Austrians


From 1980-2010 about 10,000-15,000 people in the Milwaukee metropolitan area reported Austrian ancestry in the census. This number was quite similar to those who reported an Austrian birthplace in 1940, but quite a bit smaller than the 24,000 who reported their mother’s birthplace as Austria in 1910.[1] The variability in these numbers reflects the assimilation process common to almost all European immigrants. But in the case of Austrians, it also reflects the dramatic political changes resulting from the collapse of the multiethnic Austro-Hungarian Habsburg Empire after World War I and the establishment of the much smaller nation state of Austria. The current common understanding is that Austrians are Central European people who are similar ethnically to Germans, most specifically Bavarians in the southern parts of the German lands, and speak a German dialect.[2]

The Austrian migrant stream to Milwaukee dates from the the Austro-Hungarian Empire period. Thus the early estimates of Milwaukee’s Austrian population likely include people who may later have called themselves Hungarians, Serbs, Croats, and so on. That said, John Gurda notes in The Making of Milwaukee that Milwaukee’s Austrians blended in well with the area’s large German population.[3]

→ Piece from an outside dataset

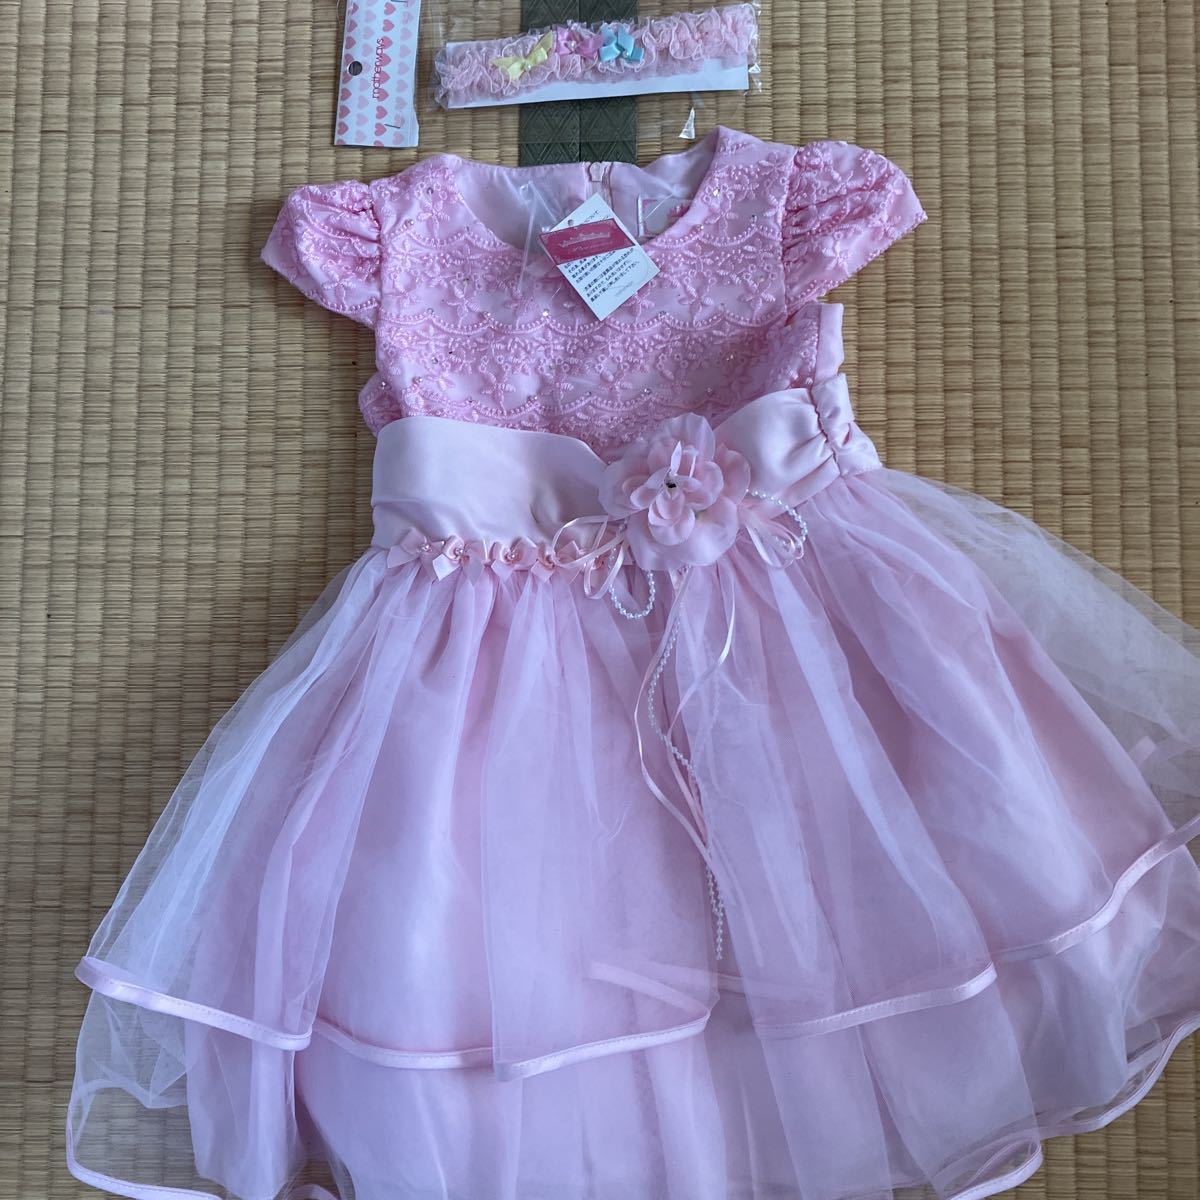  Princess child dress

A number of prominent Milwaukeeans self-identified as Austrians. A number of priests in the early years of the Milwaukee Catholic Archdiocese were Austrian. The archdiocese’s first bishop, John Henni, was a German-speaking Swiss who was well-known in Central Europe and other German-speaking areas, which made it easy for Henni to recruit Austrians. Caspar Rehrl, arriving in 1845, was the first Austrian Catholic priest, and in 1847 Dr. Joseph Salzmann, another priest, arrived in the city. Salzmann played an important political role in the middle of the nineteenth century, founding the Seebote. Salzmann intended the Seebote to counter the content and ideas contained within the Czech-founded Flug-Blätter, which was oriented around the notions of free thought and Czech nationalism in opposition to the Austrian Habsburgs. Salzmann thus played a role in bringing some of the conflicts from Central Europe to the Milwaukee area, countering the Czech nationalists in America with a more conservative Austrian voice.[4]

In the late nineteenth and early twentieth centuries, Victor Berger, an immigrant from the Austro-Hungarian Empire, played important roles in Milwaukee’s famous socialist politics during a period of time when the city’s industrial base rapidly expanded. Berger was born in 1860 in the Nieder-Rehbach region of the Austrian region to a family that was decidedly royalist. When Berger was age seven, his family moved to Leutschau in north-central Hungary. In 1878, in an effort to avoid conscription in Franz Joseph’s army, Berger emigrated to the United States. Arriving in Milwaukee in 1881, Berger became a teacher in the city’s public school system and became a prominent socialist leader and member of Congress from Milwaukee.[5]

Recently, there have been efforts among Milwaukeeans to maintain the idea of an Austrian cultural identity. Milwaukee has a chapter of the Austrian-American Society, a loose organization of local clubs that promotes the cultural traditions of Austria and fosters friendliness and dialogue between the people of Austria and the United States.[6] The Austrian Express, founded in Milwaukee in 1980, performs Austrian and German folk music and cultural celebrations in the Milwaukee area.[7]

Footnotes [+]

  1. ^ See Steven Ruggles, Katie Genadek, Ronald Goeken, Josiah Grover, and Matthew Sobek. Integrated Public Use Microdata Series: Version 6.0 [Machine-readable database]. Minneapolis: University of Minnesota, 2015, tabulation of ancestry and mother’s birthplace for metropolitan Milwaukee.
  2. ^ Lisbeth Lindebord, “Regional Deep Structures in the German Cultural Space,” in Regions of Central Europe: The Legacy of History, edited by Sven Tägil (West Lafayette, IN: Purdue University Press, 1999), 61; Frederik Lindström, “Region, Cultural Identity and Politics in the Late Habsburg Monarchy,” in Regions of Central Europe, 122-124; E. Wilder Spaulding, The Quiet Invaders: The Story of the Austrian Impact upon America (New York, NY: Frederick Ungar Publishing Company, 1968), 4-5.
  3. ^ John Gurda, The Making of Milwaukee, 3rd edition (Milwaukee, WI: Milwaukee County Historical Society, 2006), 67.
  4. ^ Benjamin J. Blied, Austrian Aid to American Catholics, 1830-1860 in (Milwaukee: n.p. 1944), 135-141.
  5. ^ Sally M. Miller, Victor Berger and the Promise of Constructive Socialism, 1910-1920 (Westport, CT: Greenwood Press, Inc., 1973), 17, 25-26, 198-199, 207, 213; Kimberly Swanson, ed., A Milwaukee Woman’s Life on the Left: The Autobiography of Meta Berger (Madison, WI: State Historical Society of Wisconsin, 2001), 3, 2n6, 3n7.